2. Coarseness of Mountain Sediments.—Mountains are composed mainly of grits, sandstones, and shales, i.e., of mechanical sediments, and most conspicuously so along their axial regions. As we go from this region, sometimes in either direction, but especially in one direction, the strata become finer and finer; sandstones giving way to shales and shales to limestones, i.e., mechanical to organic sediments. This is conspicuously true of the Appalachian; in so many ways a typical mountain. As we pass from the eastern ridge westward, grits and sandstones are replaced by shales and these by limestones. Therefore mountains are also lines of exceptionally coarse sediments.

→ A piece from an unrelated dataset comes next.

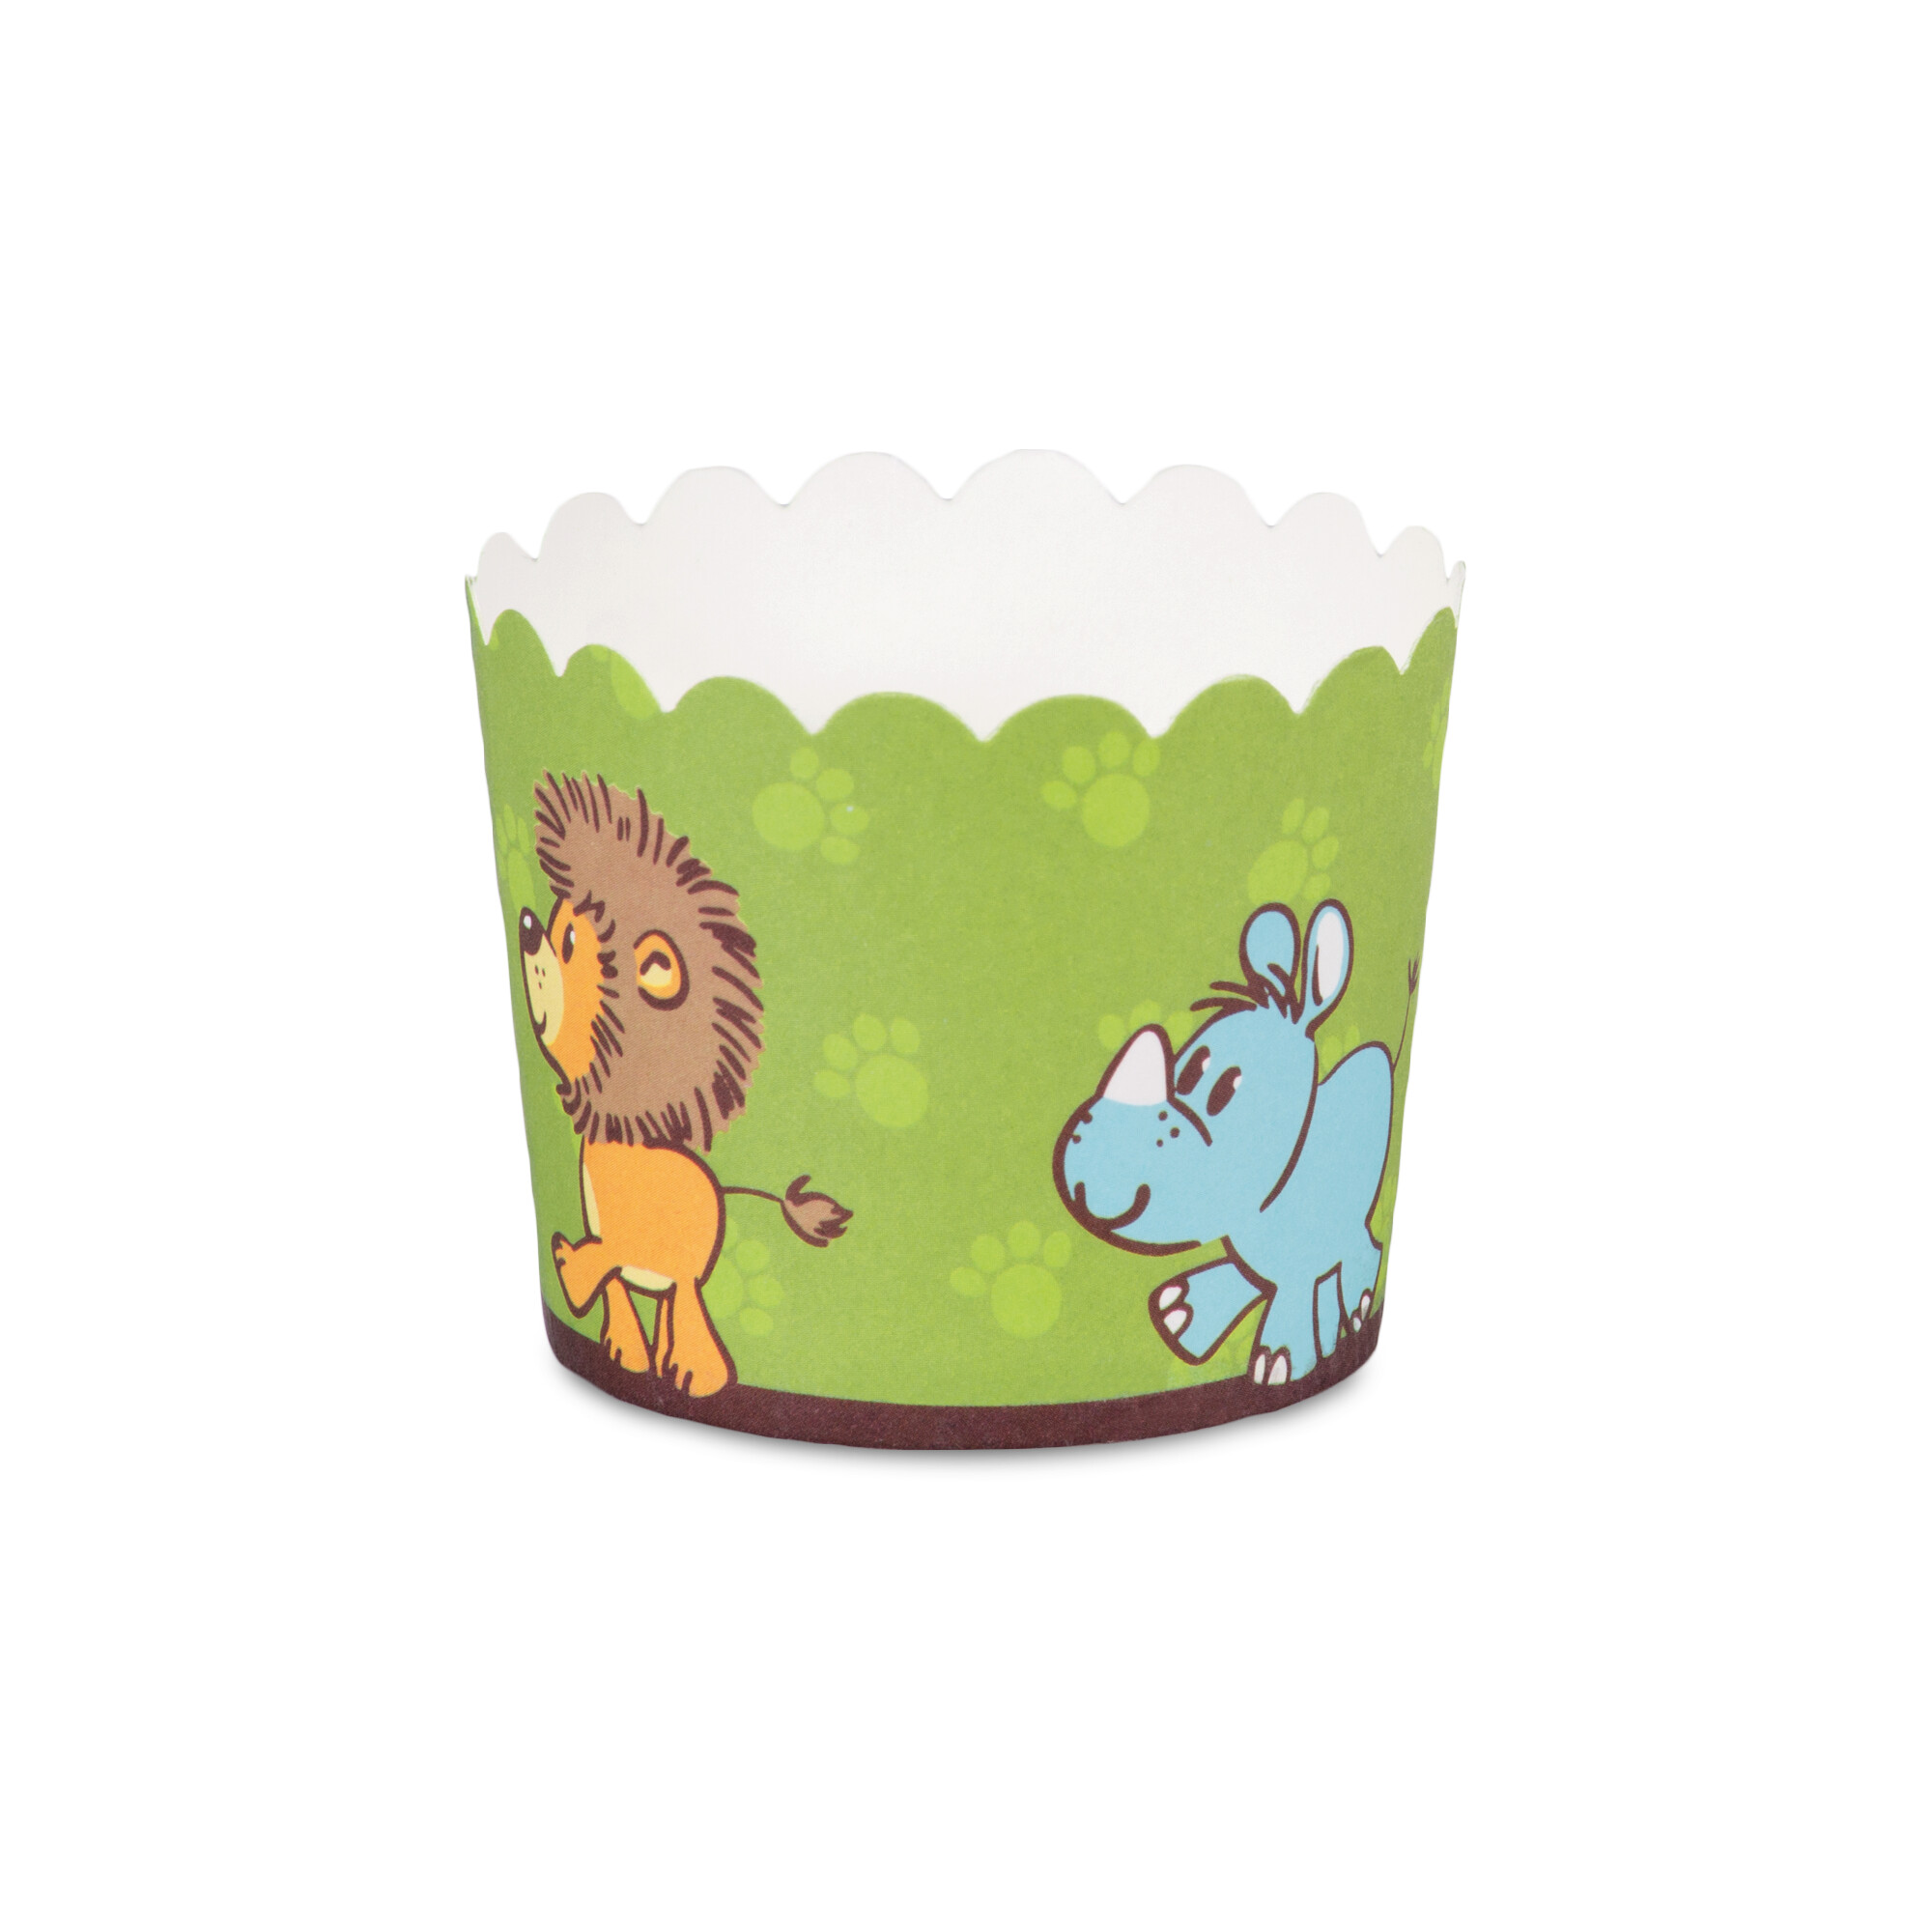 Cupcake liner - True friends - Mini - 12 pieces

3. Folded Structure of Mountains.—The folded structure of mountains is perhaps the most universal, and certainly the most significant, of all their features. But there is great variety in the degree and complexity of the foldings. Sometimes the mountain rises as one great fold. The Uinta is an example of this. Sometimes and oftener there are several open folds, like waves of the sea. The Jura is a good example of this. Sometimes and oftenest of all, there are many closely appressed folds. This is the case in the Coast Range of California, in the Appalachian, in the Alps, and probably in the Sierra. The Appalachian may be taken again as the type. In this range the folds are most numerous and most closely appressed in the axial region, and open out and die away in gentle waves as we go westward. Finally, sometimes in extreme cases, as in the Alps, the Pyrenees and probably the Sierra, the strata of the lateral slopes are thrust in under the central and higher parts, so that the strata of these central parts are overfolded outwards on one or both sides. This is the Fan-structure, so marked in the Alps and Pyrenees, where the underthrust and overfold are on both sides, but found also in the Appalachian and Sierra, where they are on one side only.